DESCRIPTION OF THE TASK
The lines below, from the first through the one containing "Остров погибших кораблей", are to be given again exactly, with pictures left out and nothing added.

AVAILABLE DATA
----
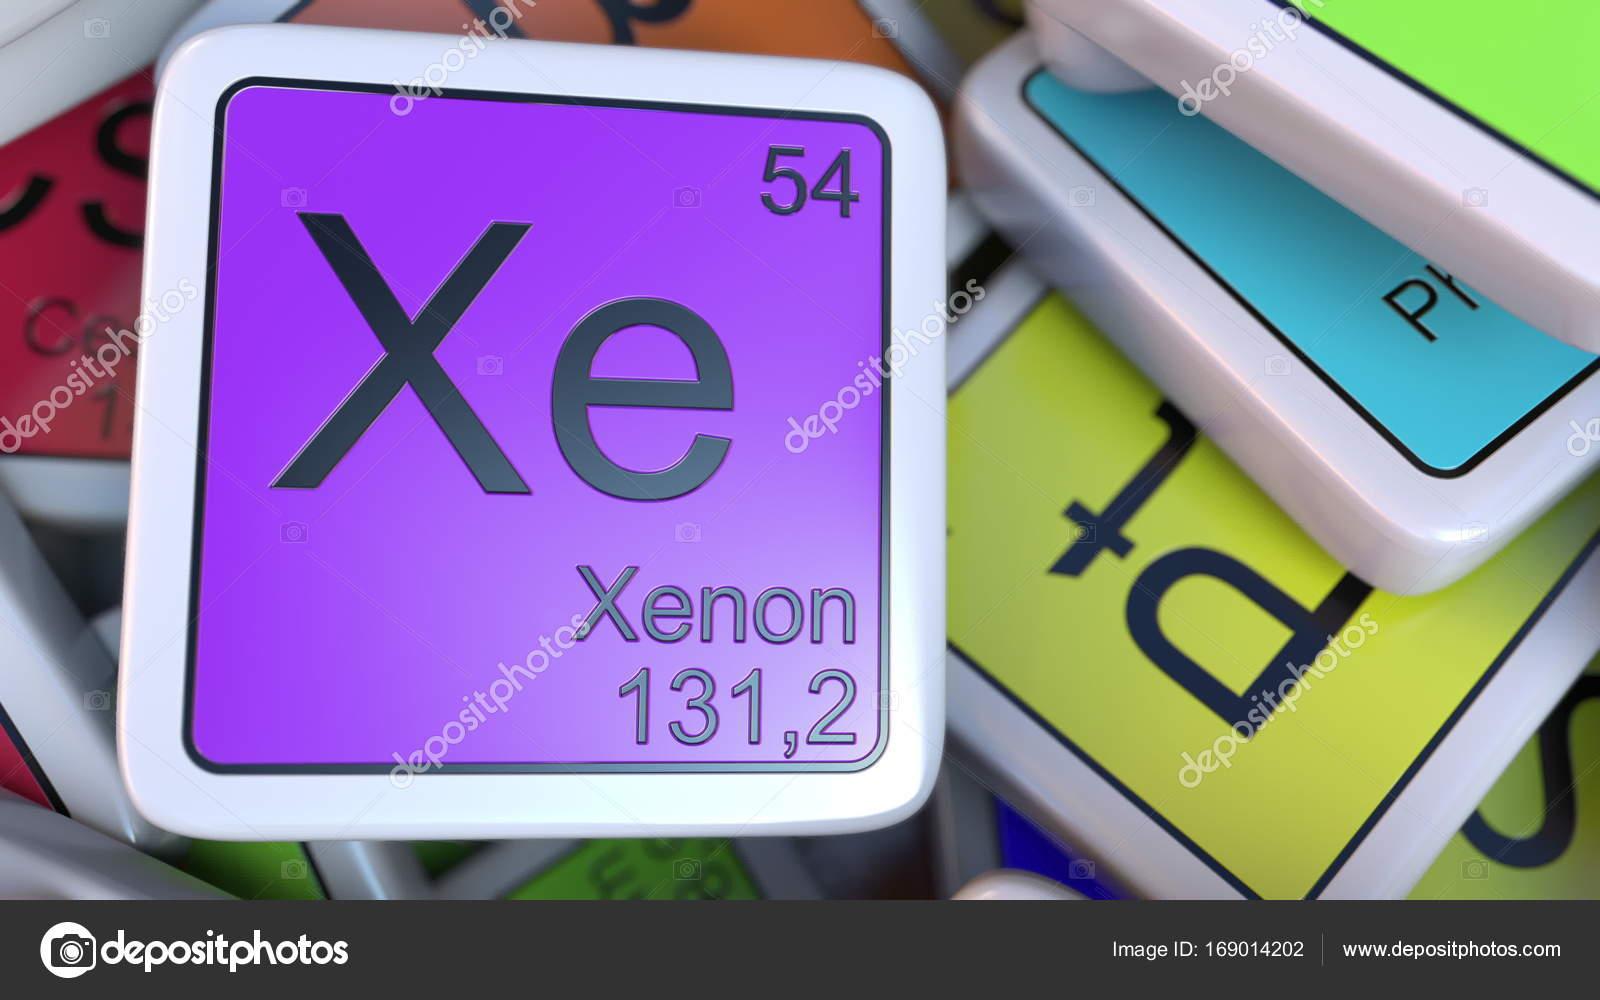 Bloque de xe xenn en la pila de la tabla peridica de los bloques bloque de xe xenn en la pila de la tabla peridica de los bloques de elementos urtaz Gallery
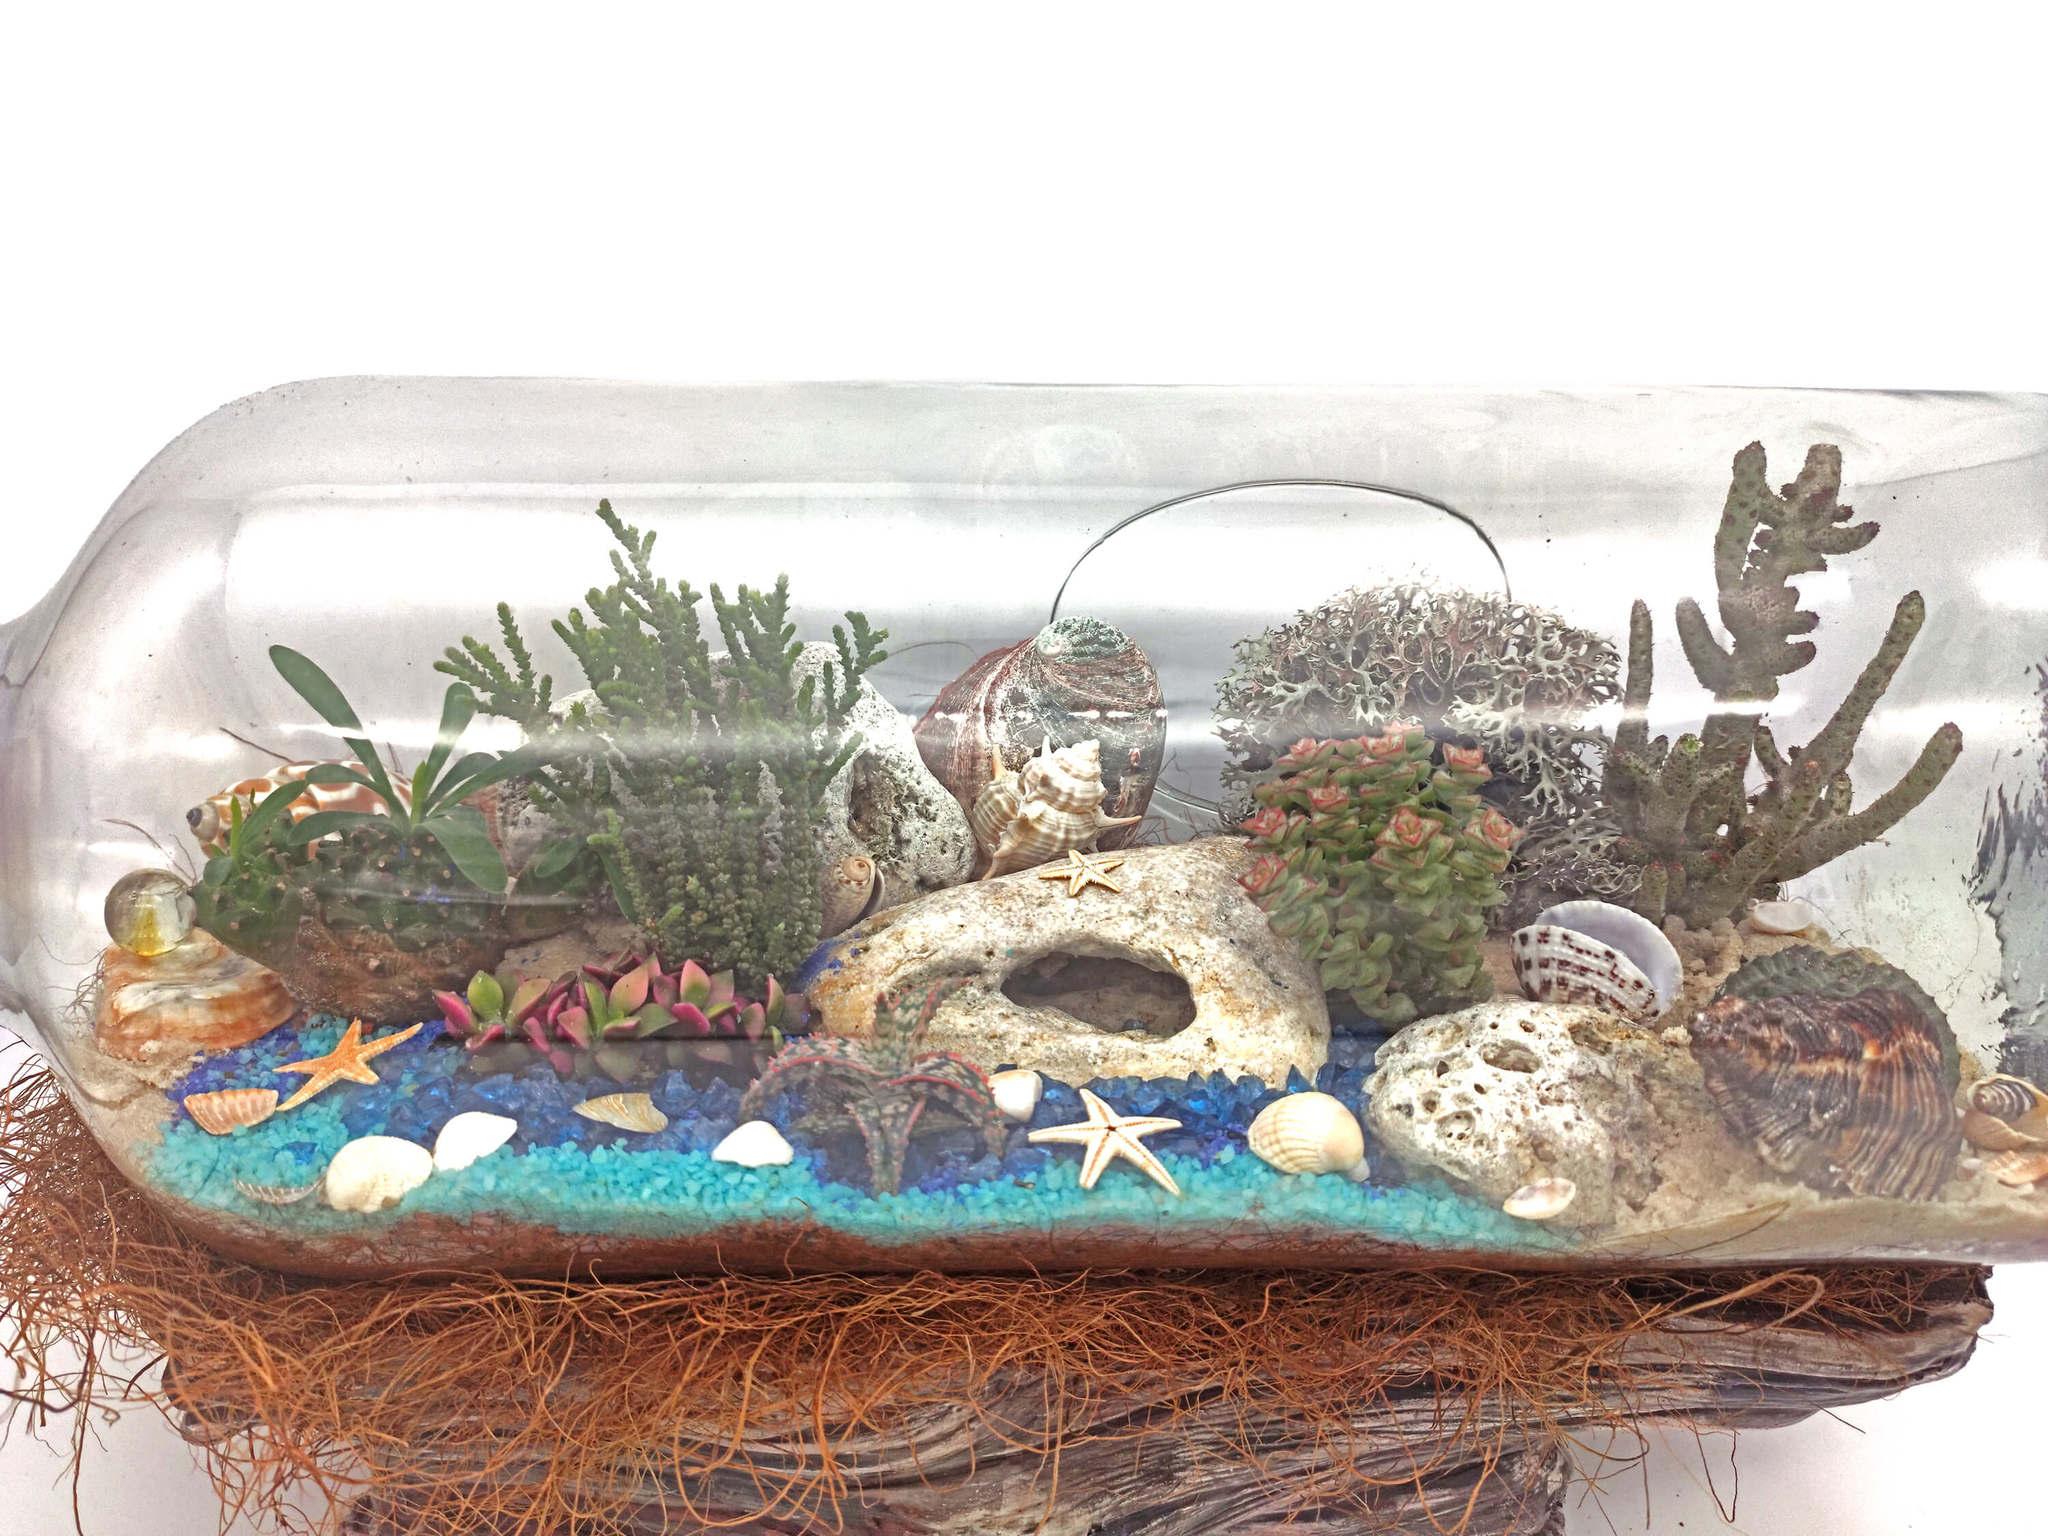 Остров погибших кораблей - композиция из живых суккулентов в банке (фотография 2)
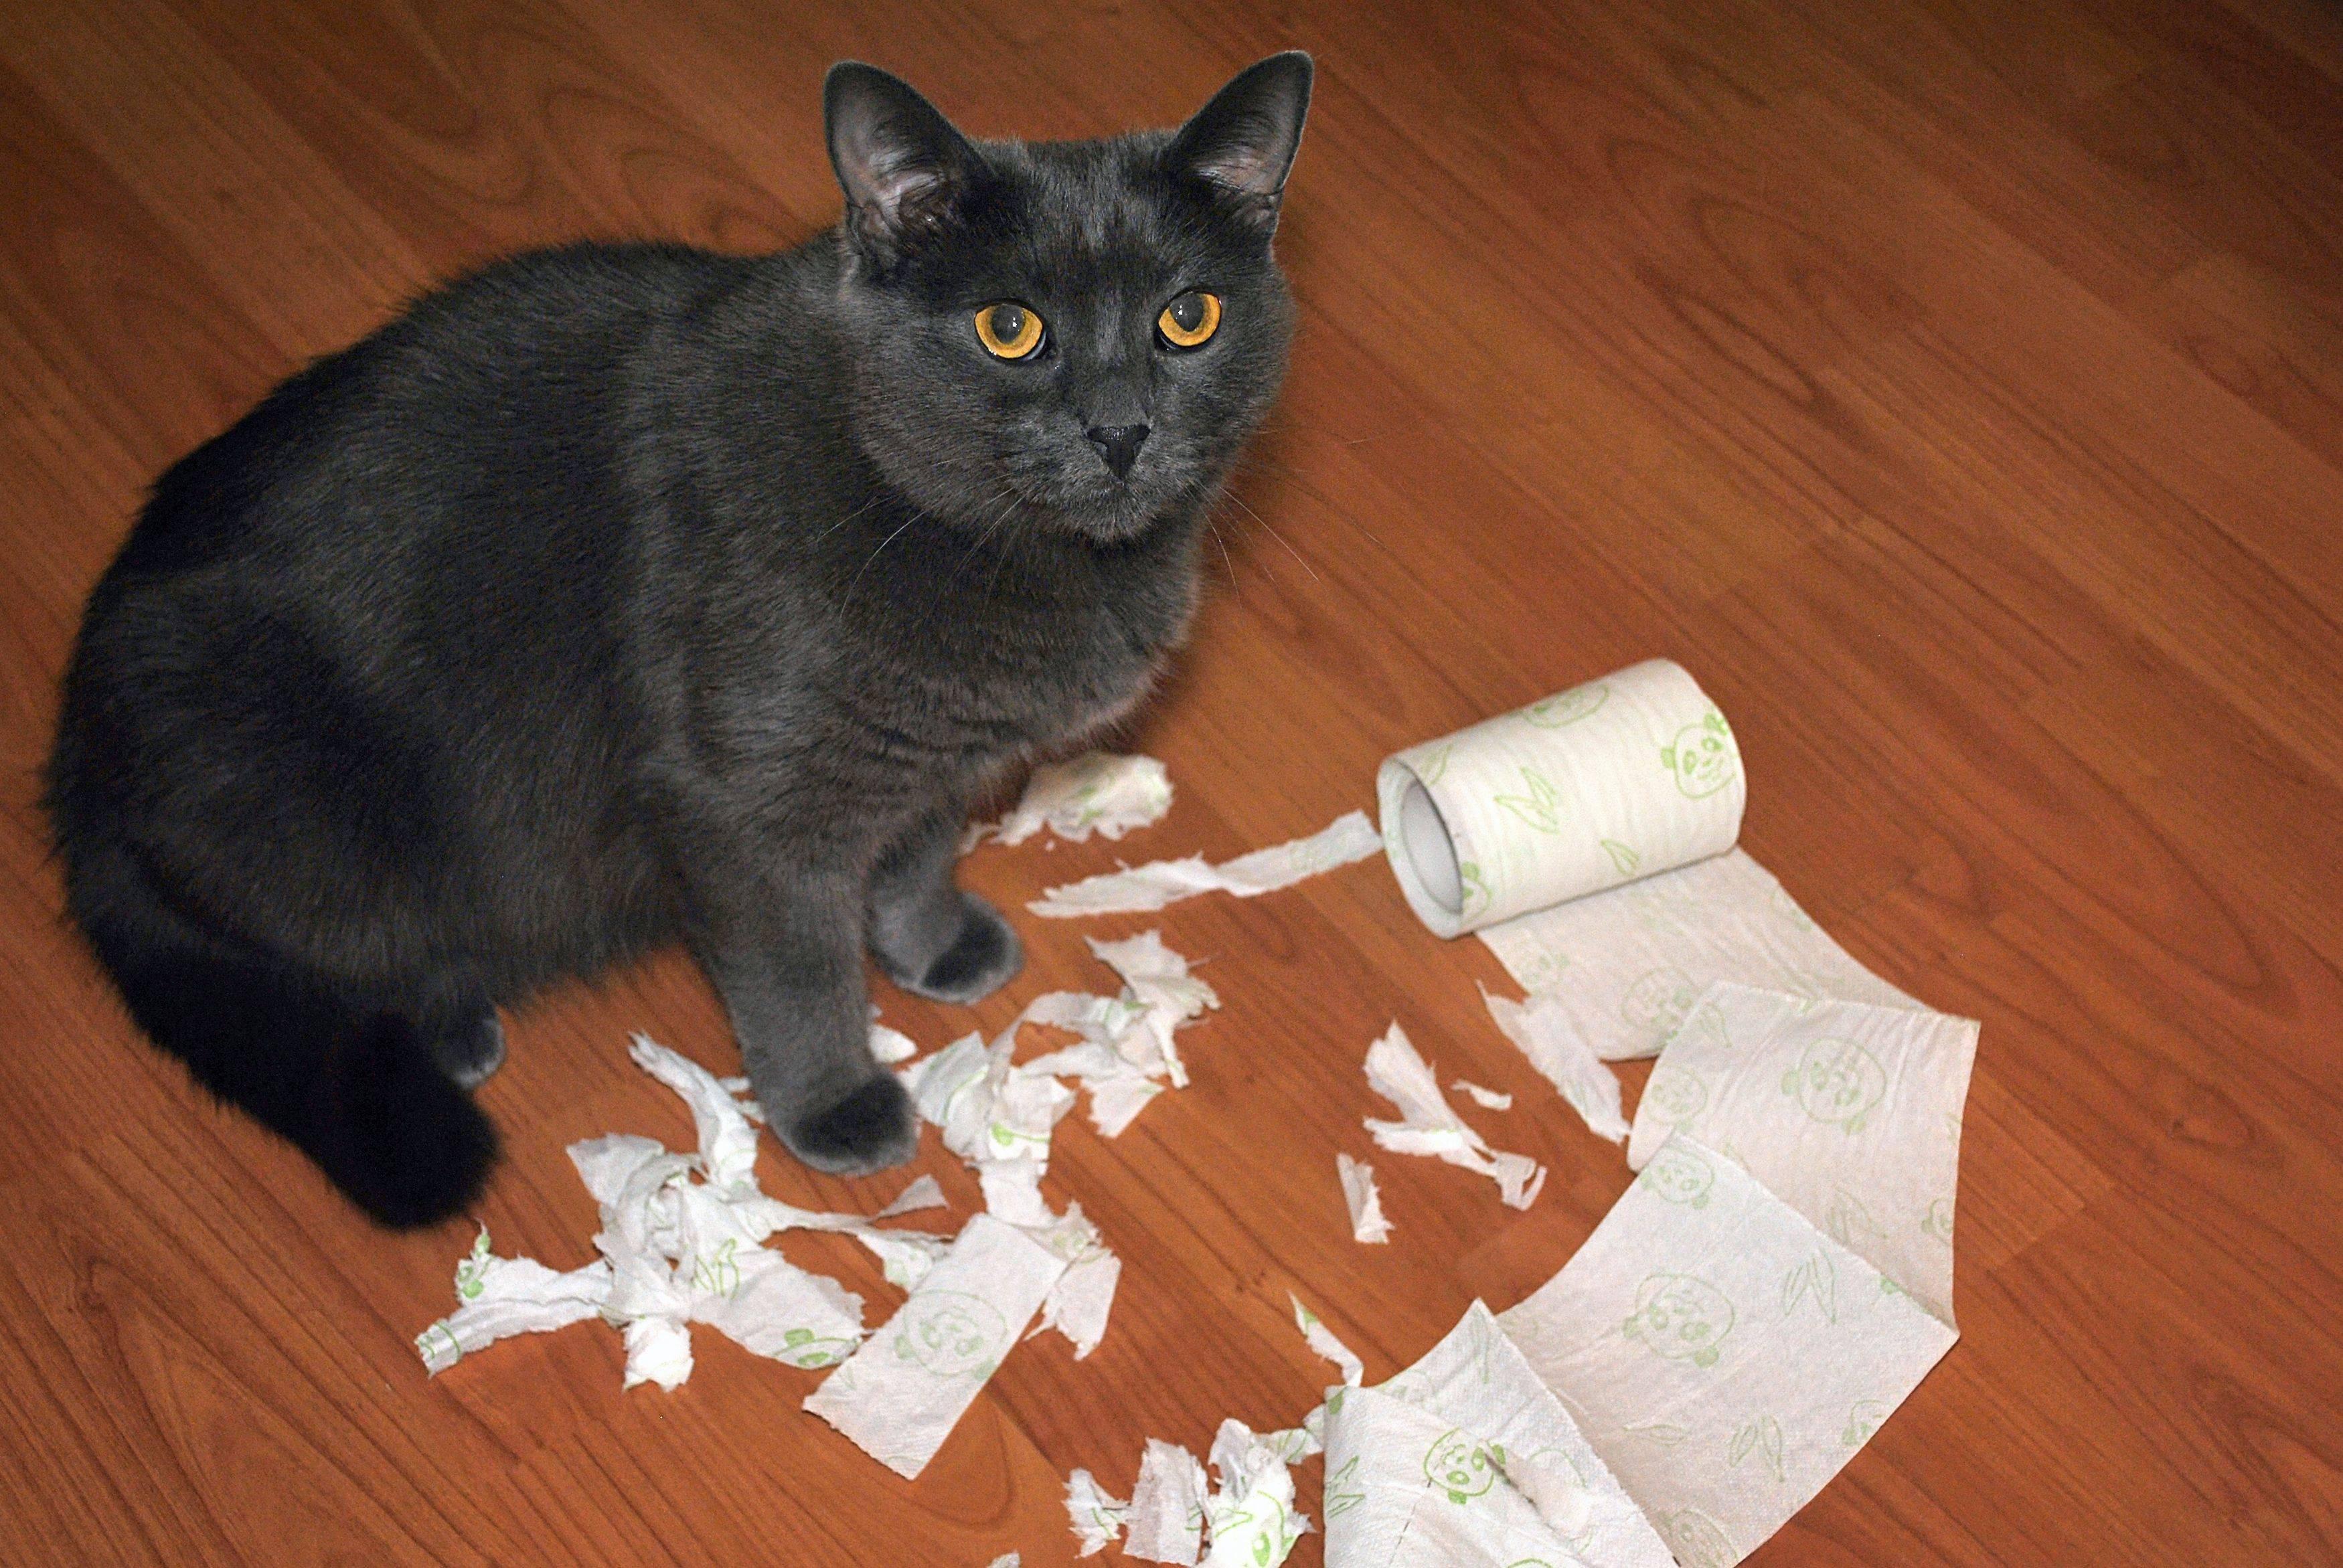 Можно ли за баловство наказывать котенка, как правильно наказать, чтобы он понял?
----
TASK ANSWER
 Bloque de xe xenn en la pila de la tabla peridica de los bloques bloque de xe xenn en la pila de la tabla peridica de los bloques de elementos urtaz Gallery
 Остров погибших кораблей - композиция из живых суккулентов в банке (фотография 2)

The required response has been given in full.